In January 1935 in Zunyi (Guizhou province) the CCP CC called a meeting to struggle against the leftist mistakes. The conditions of the meeting were most unfavorable since Zhang Guotao was attacking us with an army of 60,000 people. But we were not at a loss and destroyed more than 30,000 of his forces. At the same time it transpired that Zhang Guotao was a good friend of Wang Ming and when the latter was requested in Moscow to provide an explanation on this question, he delayed his answer. 

By the beginning of the Sino-Japanese war we had suffered great losses in the military forces. We remained with only about 30,000 fighters and in this connection Wang Ming claimed that these forces are not sufficient for the struggle against Japan, insisting on having them diluted in the Guomindang forces. Now it is clear that this was a mistaken line, because 30,000 people made for the skeleton, upon which grew the current 3 million strong People's Liberation Army. 

All of these mistakes by Wang Ming were known to the delegates of the 7th CCP Congress and they caused their sincere discontent. The delegates also knew about the mistakes of Li Lisan, Bo Gu and Luo Fu and they demanded not to elect them to the CC. However, by the time of the Congress the situation in China had changed. Many from those who had been mistaken understood their mistakes and went backstage. Marxist-Leninist study, criticism and self-criticism unfolded in the party. And though there were many arguments at the Congress—whether or not to elect Wang Ming, Li Lisan, and Bo Gu, and Luo Fu into the CC, they were elected anyhow with the aim of consolidation of party forces. 

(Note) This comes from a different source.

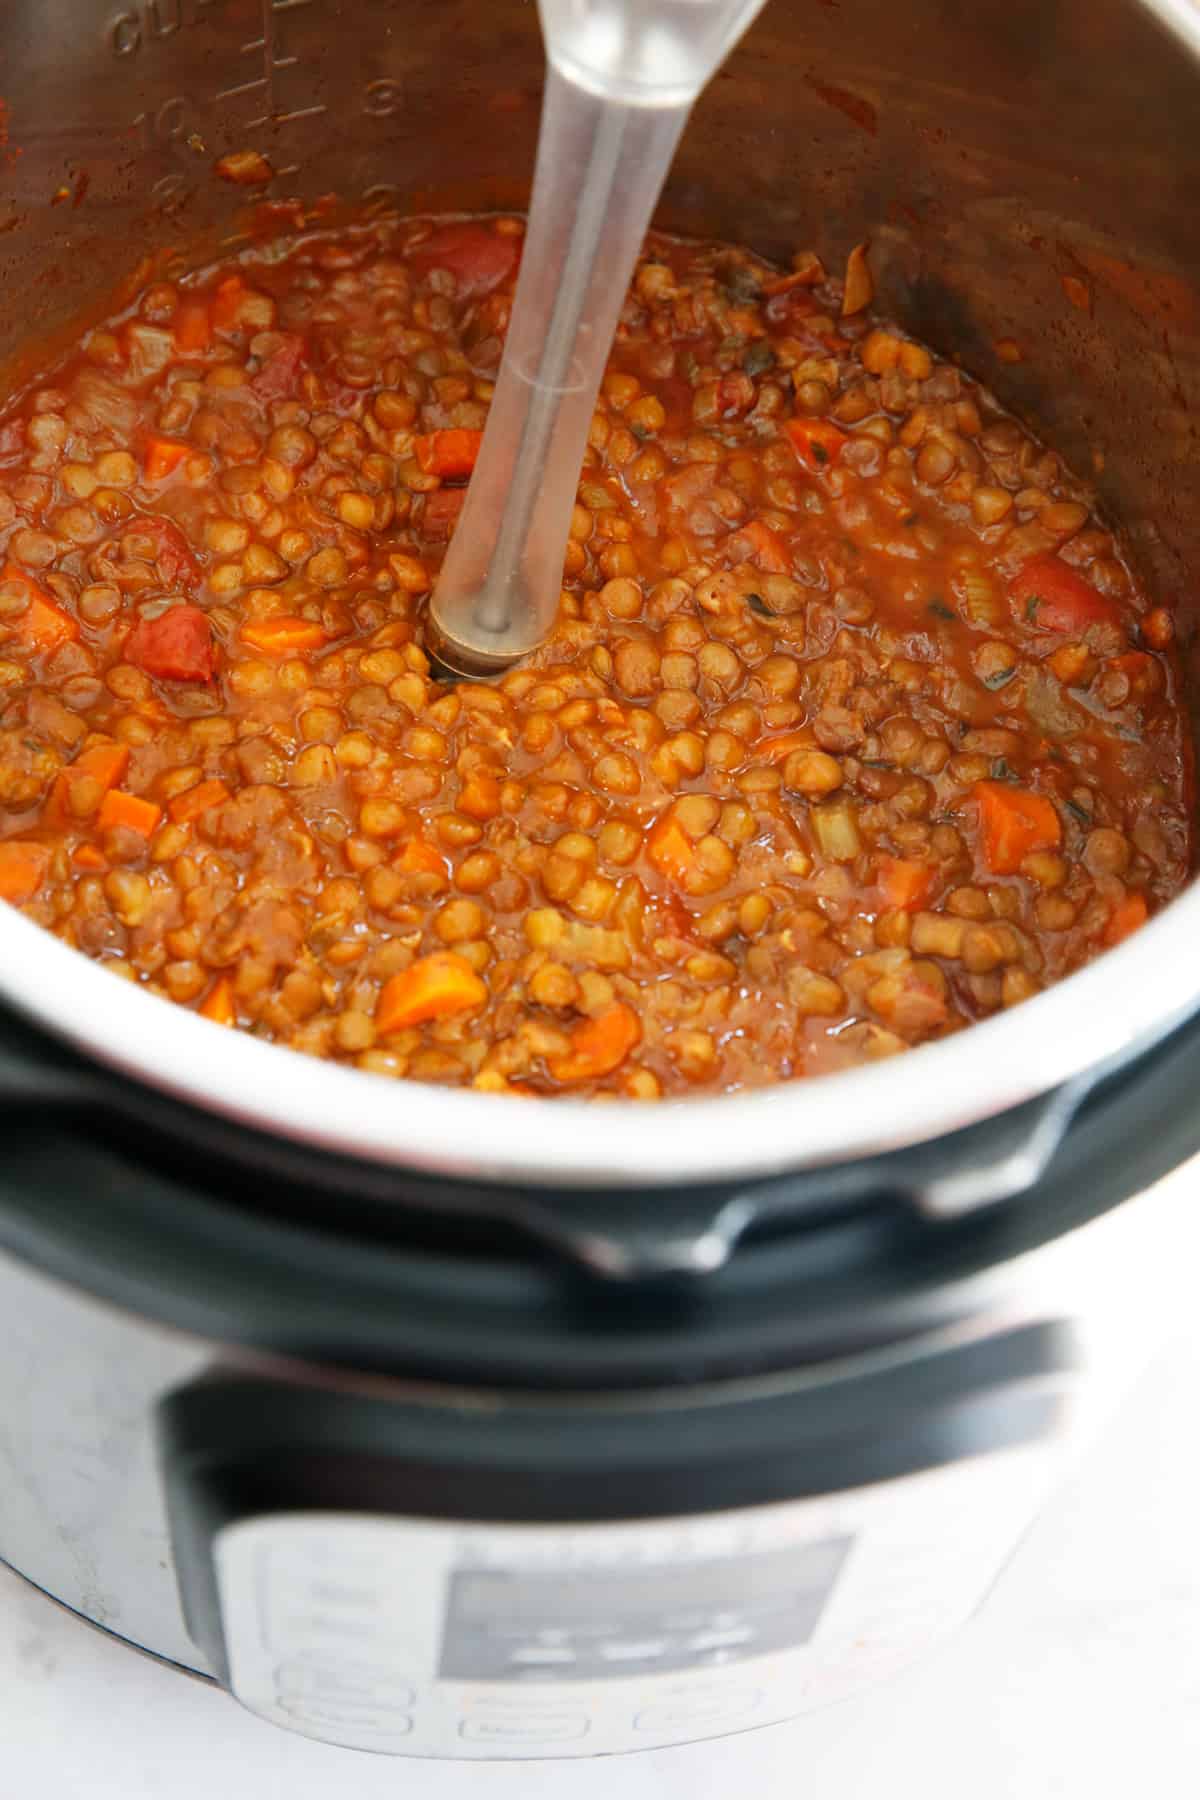 Instant pot lentil soup being partially pureed with a hand blender

Now Li Lisan works in the professional unions, he has great experience in this area and he is more deserving before the revolution than Wang Ming is. He, together with Liu Shaoqi, led the workers' movement in Shanghai. Having arrived from the Soviet Union in China he did not speak a single bad word about the Sov[iet] Union and now is trying to pay back the trust shown in him, while there is still a wedge hammered between the CCP CC and Wang Ming. 

Further, Mao Zedong said that in 1936 the CCP counted up to 40,000 members, who mainly joined the party in the period of the Soviet movement. At the present time the party has more than 3 million members. There are 44 members of the CC, 33 candidate members. 

To my question whether there is any wavering in the ranks of the party at the present time Mao Zedong replied that there were manifestations of this, but to a lesser extent, in the leadership of the party [sic]. The conversation ended at this.